Proposed Graduated Driving Licence would control the behaviour of new drivers

New drivers could face tougher restrictions - such as a zero-alcohol limit and a cap on passengers in their first few months of motoring - under a new law being proposed.

Described as rules to target ‘over confident young drivers’ the bill would see the creation of a Graduated Driving Licence for those who have recently their test and here’s how it could work:

The new law proposes controlling the behaviour of new motorists. Image: iStock.
The new law proposes controlling the behaviour of new motorists. Image: iStock.

What is a Graduated Driving Licence?

A GDL is a system that helps new drivers gain experience gradually.

Already adopted in many countries around the world - the scheme puts new motorists under certain restrictions or conditions for a set period of time before they are granted full driving privileges.

The aim of a GDL is to reduce the risks associated with inexperienced drivers such as accidents and fatalities on the road, which in 2022 in the UK came to 29,742 - with around a fifth involving a young motorist.

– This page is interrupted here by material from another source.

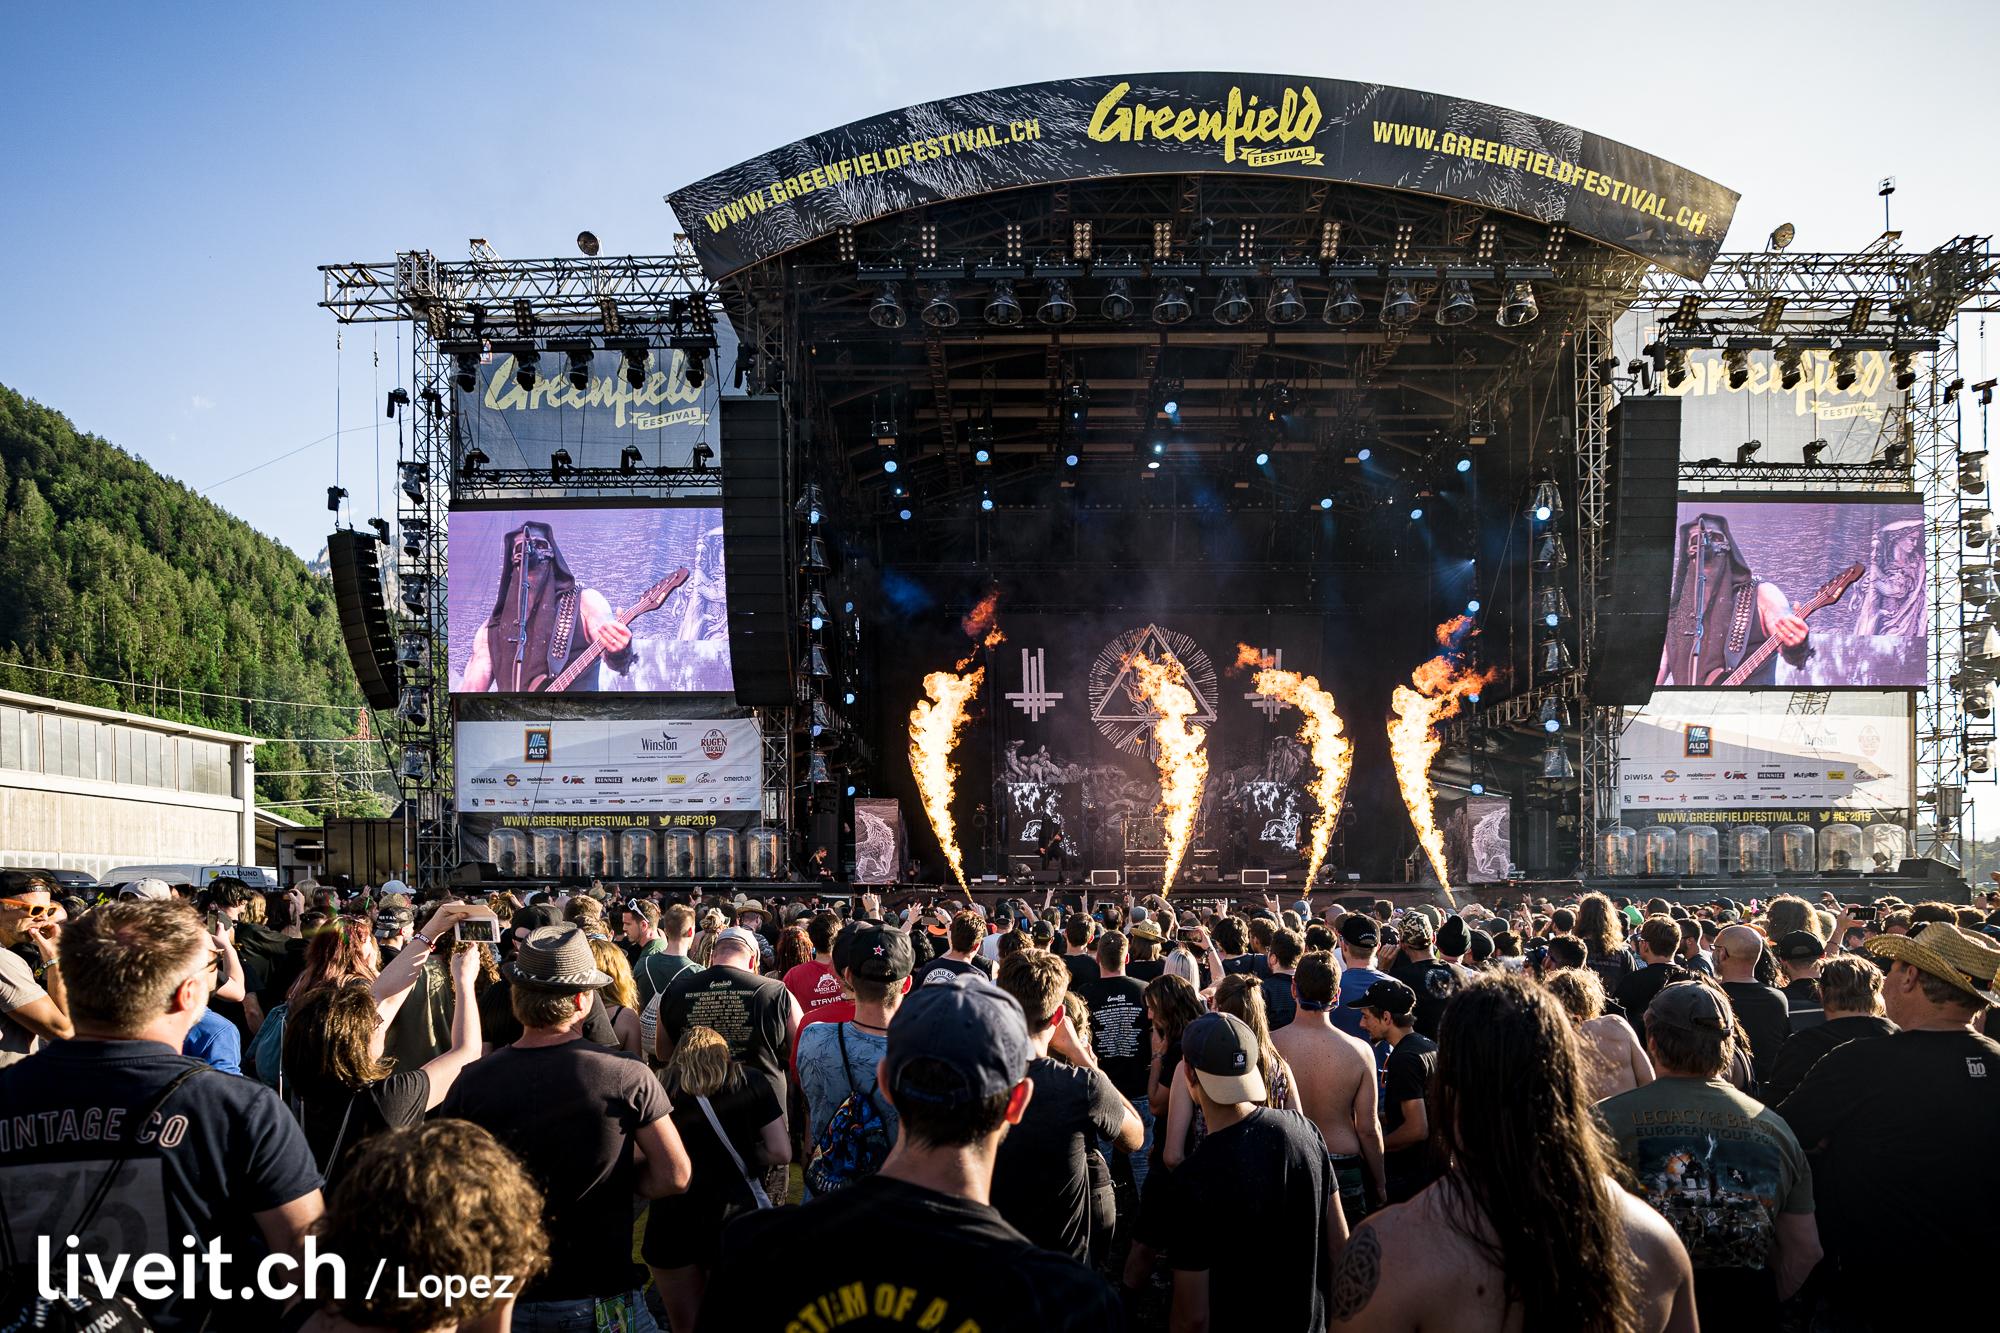 SCHWEIZ GREENFIELD FESTIVAL 2019 Behemoth

A zero-alcohol limit for young drivers is being suggested. Image: iStock.
A zero-alcohol limit for young drivers is being suggested. Image: iStock.

What is being proposed?

Labour MP Kim Leadbeater has introduced a new law into Parliament called the ‘Motor Vehicles (Driving Licences) (New Drivers) Bill’.

The proposal would make new drivers pass through several stages before being allowed to drive more freely.

This could include initially driving with a more experienced adult, restricting the hours when they can drive unsupervised and capping the number of passengers they’re allowed to carry.

The suggestion of a zero-alcohol limit for the first six months has also been put forward.

When they have completed all the requirements set out new drivers would then be granted their full licence under the plans.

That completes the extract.